▸ TASK MATERIAL
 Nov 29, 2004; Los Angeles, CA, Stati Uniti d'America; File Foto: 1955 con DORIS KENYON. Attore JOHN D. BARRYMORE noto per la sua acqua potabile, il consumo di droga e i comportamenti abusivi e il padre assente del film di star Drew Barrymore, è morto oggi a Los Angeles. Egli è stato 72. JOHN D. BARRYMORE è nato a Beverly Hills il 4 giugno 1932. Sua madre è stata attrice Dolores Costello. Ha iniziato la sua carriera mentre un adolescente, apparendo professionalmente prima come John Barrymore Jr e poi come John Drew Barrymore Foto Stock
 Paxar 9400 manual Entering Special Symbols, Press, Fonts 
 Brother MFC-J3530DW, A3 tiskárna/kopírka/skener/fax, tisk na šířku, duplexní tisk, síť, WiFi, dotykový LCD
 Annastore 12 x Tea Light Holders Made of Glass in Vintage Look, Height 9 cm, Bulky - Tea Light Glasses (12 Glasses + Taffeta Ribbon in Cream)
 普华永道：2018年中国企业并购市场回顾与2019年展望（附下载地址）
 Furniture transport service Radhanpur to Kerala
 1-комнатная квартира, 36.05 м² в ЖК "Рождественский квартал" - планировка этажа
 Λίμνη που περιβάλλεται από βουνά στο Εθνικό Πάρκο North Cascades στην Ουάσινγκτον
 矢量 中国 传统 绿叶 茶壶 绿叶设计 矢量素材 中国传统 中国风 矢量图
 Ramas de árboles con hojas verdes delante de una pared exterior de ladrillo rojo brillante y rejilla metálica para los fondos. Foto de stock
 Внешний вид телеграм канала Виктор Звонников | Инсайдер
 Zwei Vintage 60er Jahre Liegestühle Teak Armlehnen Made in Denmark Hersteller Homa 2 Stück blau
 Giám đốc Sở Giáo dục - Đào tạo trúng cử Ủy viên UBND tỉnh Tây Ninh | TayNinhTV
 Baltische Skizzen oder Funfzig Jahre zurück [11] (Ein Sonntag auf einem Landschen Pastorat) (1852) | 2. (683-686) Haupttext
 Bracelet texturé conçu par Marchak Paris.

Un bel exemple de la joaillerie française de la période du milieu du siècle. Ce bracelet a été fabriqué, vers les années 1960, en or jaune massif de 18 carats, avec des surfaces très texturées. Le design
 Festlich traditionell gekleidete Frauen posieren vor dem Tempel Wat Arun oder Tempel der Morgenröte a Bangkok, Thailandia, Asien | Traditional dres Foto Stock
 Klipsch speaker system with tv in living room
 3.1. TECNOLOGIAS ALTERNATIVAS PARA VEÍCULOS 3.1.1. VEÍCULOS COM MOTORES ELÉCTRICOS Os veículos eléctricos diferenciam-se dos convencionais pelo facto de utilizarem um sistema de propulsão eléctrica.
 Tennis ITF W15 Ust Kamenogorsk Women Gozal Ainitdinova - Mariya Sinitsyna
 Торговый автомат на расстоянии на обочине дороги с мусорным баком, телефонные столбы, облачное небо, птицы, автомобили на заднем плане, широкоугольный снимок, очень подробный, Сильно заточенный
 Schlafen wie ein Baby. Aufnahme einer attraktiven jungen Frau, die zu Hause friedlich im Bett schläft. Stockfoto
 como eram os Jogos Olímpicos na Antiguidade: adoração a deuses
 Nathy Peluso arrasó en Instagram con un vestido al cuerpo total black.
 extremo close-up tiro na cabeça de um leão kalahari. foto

▸ TRY IT
Reproduce exactly the lines of the records above from the one with "Festlich traditionell gekleidete" to the one with "Tennis ITF W15", both included, and leave out everything else.

▸ RESULT FOR THIS EXERCISE
 Festlich traditionell gekleidete Frauen posieren vor dem Tempel Wat Arun oder Tempel der Morgenröte a Bangkok, Thailandia, Asien | Traditional dres Foto Stock
 Klipsch speaker system with tv in living room
 3.1. TECNOLOGIAS ALTERNATIVAS PARA VEÍCULOS 3.1.1. VEÍCULOS COM MOTORES ELÉCTRICOS Os veículos eléctricos diferenciam-se dos convencionais pelo facto de utilizarem um sistema de propulsão eléctrica.
 Tennis ITF W15 Ust Kamenogorsk Women Gozal Ainitdinova - Mariya Sinitsyna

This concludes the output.